ZAMBIA may keep its budget deficit below 6 percent this year because of increased revenue resulting from changes to the mine tax system, according to Moody’s Investors Service.

The International Monetary Fund last week forecast that the fiscal gap in Africa’s second-biggest copper producer would climb to 7.7 percent of gross domestic product (GDP) this year.

That is higher than the government’s projection of at least 6 percent, which it raised from 4.6 percent after an increase of mining royalties and scrapping of a profit tax in January disrupted revenue flows from the industry. The changes to those levies will be reversed from the start of next month.

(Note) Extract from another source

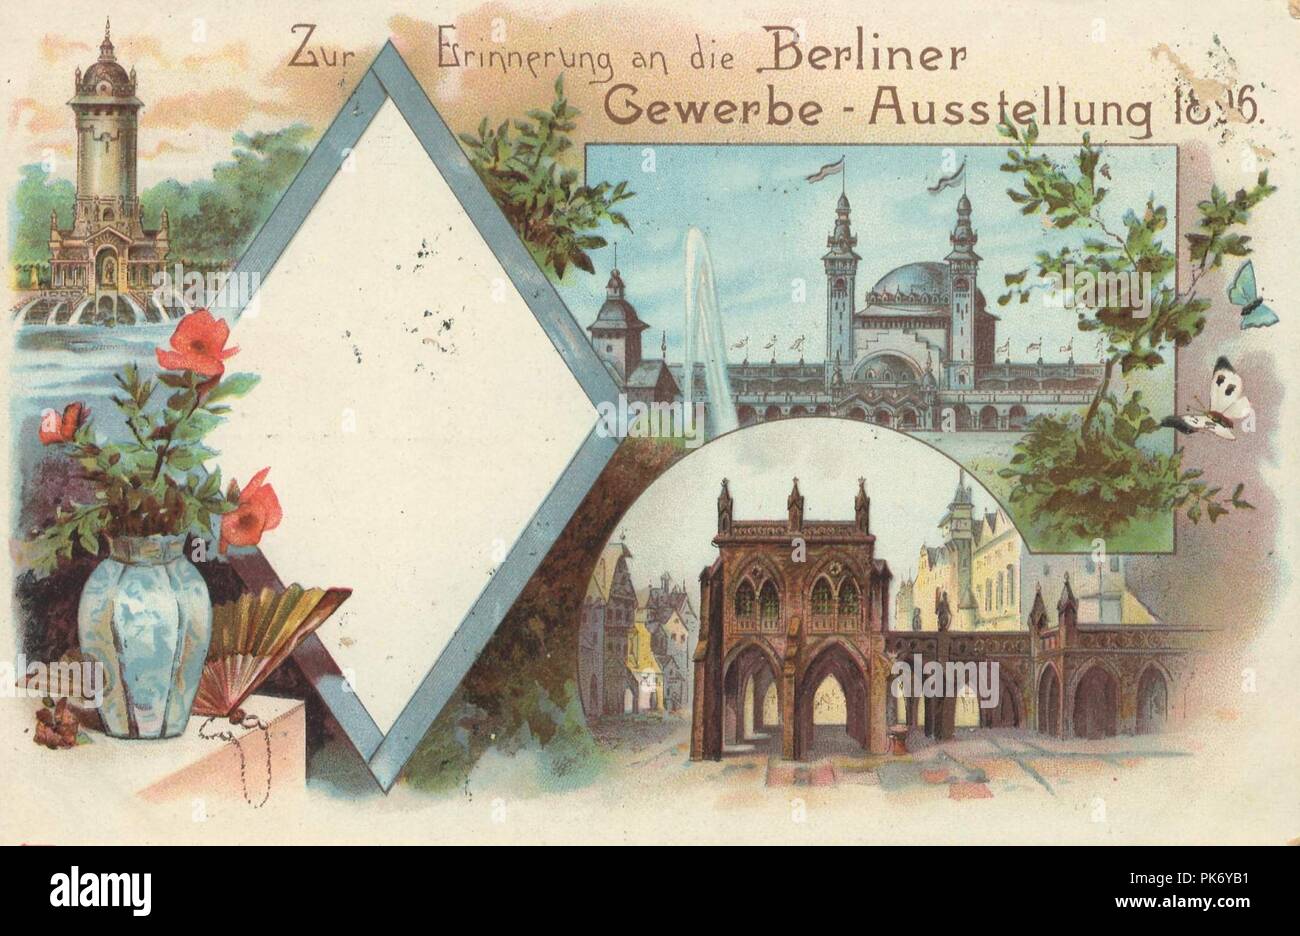 Berlin, Treptow, Gewerbeausstellung 1896, Erinnerung. Stock Photo

“We don’t expect the deficit for the second half to be anywhere near as large, in fact it could be a surplus for that six-month period, ultimately resulting in a fiscal deficit somewhere in the vicinity of 5 percent to 6 percent of GDP,” Matt Robinson, the credit manager at Moody’s, said this week in the Kenyan capital, Nairobi.

Zambia plans on setting the royalty for underground miners at 6 percent, scrapping an earlier plan to charge the same 9 percent rate set for opencast mines. A 30 percent profit tax will also be reintroduced for both types of operations. The current tax system that came into effect in January charges a 20 percent royalty for open-pit mines and 8 percent for underground operations.

“The mining tax regime revision means lots of the revenue may accrue in the second half of the year, rather than the first half,” Robinson said.

Uncertainties

Zambia’s copper production may stay close to a three-year low of 708 258 tons in 2015, because of power shortages and uncertainties caused by changes to the tax regime, according to the Mines Ministry.

The Finance Ministry plans to cut spending by at least 5 billion kwacha (R8.22bn) this year, and said it would probably sell eurobonds to raise as much as $2bn (R24bn) to boost the budget.

The negative outlook that Moody’s assigned to Zambia’s B1 rating last month captured the “likelihood for a further fiscal deterioration”, Robinson said. Moody’s could reposition Zambia’s rating lower to the B2 level, if the deterioration, partly the foreign currency risk caused by selling more foreign currency debt, continued for the next year, he said.

“What has underpinned credit quality for a long time in Zambia is relatively low debt, but we are seeing that debt burden increase,” Robinson said.

“It’s been a current account surplus, but we have now seen that translate into a current account deficit with a decline in copper production and decline in copper prices

.”

Copper accounts for more than 70 percent of Zambia’s export earnings and 12 percent of government revenue.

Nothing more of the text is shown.